> [About this task]
Please write out exactly the lines of the data below from the line holding "MAMAMOO Compilation Album" through the line holding "Vikash Kumar SMAT", and leave out the rest.

---------- Data to use ----------

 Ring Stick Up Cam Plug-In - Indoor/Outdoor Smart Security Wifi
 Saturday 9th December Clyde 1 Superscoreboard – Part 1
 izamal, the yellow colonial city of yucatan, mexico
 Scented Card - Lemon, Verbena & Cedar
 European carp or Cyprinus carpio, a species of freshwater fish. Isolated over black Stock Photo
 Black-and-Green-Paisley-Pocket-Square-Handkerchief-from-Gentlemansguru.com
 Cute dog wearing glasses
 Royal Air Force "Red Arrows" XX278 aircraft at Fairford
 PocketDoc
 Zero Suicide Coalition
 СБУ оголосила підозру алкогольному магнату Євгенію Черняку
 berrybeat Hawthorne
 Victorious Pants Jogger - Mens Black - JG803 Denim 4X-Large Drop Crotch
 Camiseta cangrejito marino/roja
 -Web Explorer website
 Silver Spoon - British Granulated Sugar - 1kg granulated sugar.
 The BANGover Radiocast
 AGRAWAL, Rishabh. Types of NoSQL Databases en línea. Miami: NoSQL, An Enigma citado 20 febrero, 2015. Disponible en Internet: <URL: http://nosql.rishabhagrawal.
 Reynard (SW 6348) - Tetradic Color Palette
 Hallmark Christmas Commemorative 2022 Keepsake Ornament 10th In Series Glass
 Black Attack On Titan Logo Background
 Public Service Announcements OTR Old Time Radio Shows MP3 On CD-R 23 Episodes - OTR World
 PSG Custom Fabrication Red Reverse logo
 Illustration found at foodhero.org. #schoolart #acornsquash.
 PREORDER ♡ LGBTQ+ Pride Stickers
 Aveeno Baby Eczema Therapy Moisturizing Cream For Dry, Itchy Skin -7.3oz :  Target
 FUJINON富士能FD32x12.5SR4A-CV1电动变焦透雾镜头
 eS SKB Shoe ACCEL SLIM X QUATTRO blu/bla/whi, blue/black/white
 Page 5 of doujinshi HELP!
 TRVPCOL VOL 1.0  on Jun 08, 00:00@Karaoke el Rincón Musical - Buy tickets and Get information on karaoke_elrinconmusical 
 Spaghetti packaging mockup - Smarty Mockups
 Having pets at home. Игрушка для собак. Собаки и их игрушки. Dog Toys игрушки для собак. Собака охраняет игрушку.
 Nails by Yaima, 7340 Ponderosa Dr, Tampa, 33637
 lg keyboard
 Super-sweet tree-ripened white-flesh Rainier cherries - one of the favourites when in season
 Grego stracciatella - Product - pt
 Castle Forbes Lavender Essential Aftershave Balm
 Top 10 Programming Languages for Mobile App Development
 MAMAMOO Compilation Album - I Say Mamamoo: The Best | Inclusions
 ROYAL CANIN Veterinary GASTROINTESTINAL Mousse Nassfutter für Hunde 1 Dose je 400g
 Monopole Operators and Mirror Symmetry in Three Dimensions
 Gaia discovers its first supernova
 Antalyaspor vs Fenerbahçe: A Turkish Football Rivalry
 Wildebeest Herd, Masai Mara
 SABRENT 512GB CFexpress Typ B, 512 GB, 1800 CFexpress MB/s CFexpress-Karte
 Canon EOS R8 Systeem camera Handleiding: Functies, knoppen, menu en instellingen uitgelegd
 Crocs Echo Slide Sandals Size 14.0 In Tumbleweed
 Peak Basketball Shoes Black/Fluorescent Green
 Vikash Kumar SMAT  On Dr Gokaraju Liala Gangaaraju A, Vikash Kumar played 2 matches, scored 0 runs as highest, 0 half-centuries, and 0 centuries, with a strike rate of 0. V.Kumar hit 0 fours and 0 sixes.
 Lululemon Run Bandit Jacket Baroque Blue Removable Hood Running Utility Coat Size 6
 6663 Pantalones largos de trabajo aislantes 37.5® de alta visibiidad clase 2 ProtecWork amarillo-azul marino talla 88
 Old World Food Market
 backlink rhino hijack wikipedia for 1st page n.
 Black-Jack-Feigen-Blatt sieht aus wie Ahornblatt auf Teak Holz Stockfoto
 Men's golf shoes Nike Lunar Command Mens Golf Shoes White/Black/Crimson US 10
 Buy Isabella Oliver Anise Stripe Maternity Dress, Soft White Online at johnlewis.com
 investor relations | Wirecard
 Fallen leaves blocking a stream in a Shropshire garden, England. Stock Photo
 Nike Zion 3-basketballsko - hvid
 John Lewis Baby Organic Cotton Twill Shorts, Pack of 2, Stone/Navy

----------

> [Solution to the exercise]
 MAMAMOO Compilation Album - I Say Mamamoo: The Best | Inclusions
 ROYAL CANIN Veterinary GASTROINTESTINAL Mousse Nassfutter für Hunde 1 Dose je 400g
 Monopole Operators and Mirror Symmetry in Three Dimensions
 Gaia discovers its first supernova
 Antalyaspor vs Fenerbahçe: A Turkish Football Rivalry
 Wildebeest Herd, Masai Mara
 SABRENT 512GB CFexpress Typ B, 512 GB, 1800 CFexpress MB/s CFexpress-Karte
 Canon EOS R8 Systeem camera Handleiding: Functies, knoppen, menu en instellingen uitgelegd
 Crocs Echo Slide Sandals Size 14.0 In Tumbleweed
 Peak Basketball Shoes Black/Fluorescent Green
 Vikash Kumar SMAT  On Dr Gokaraju Liala Gangaaraju A, Vikash Kumar played 2 matches, scored 0 runs as highest, 0 half-centuries, and 0 centuries, with a strike rate of 0. V.Kumar hit 0 fours and 0 sixes.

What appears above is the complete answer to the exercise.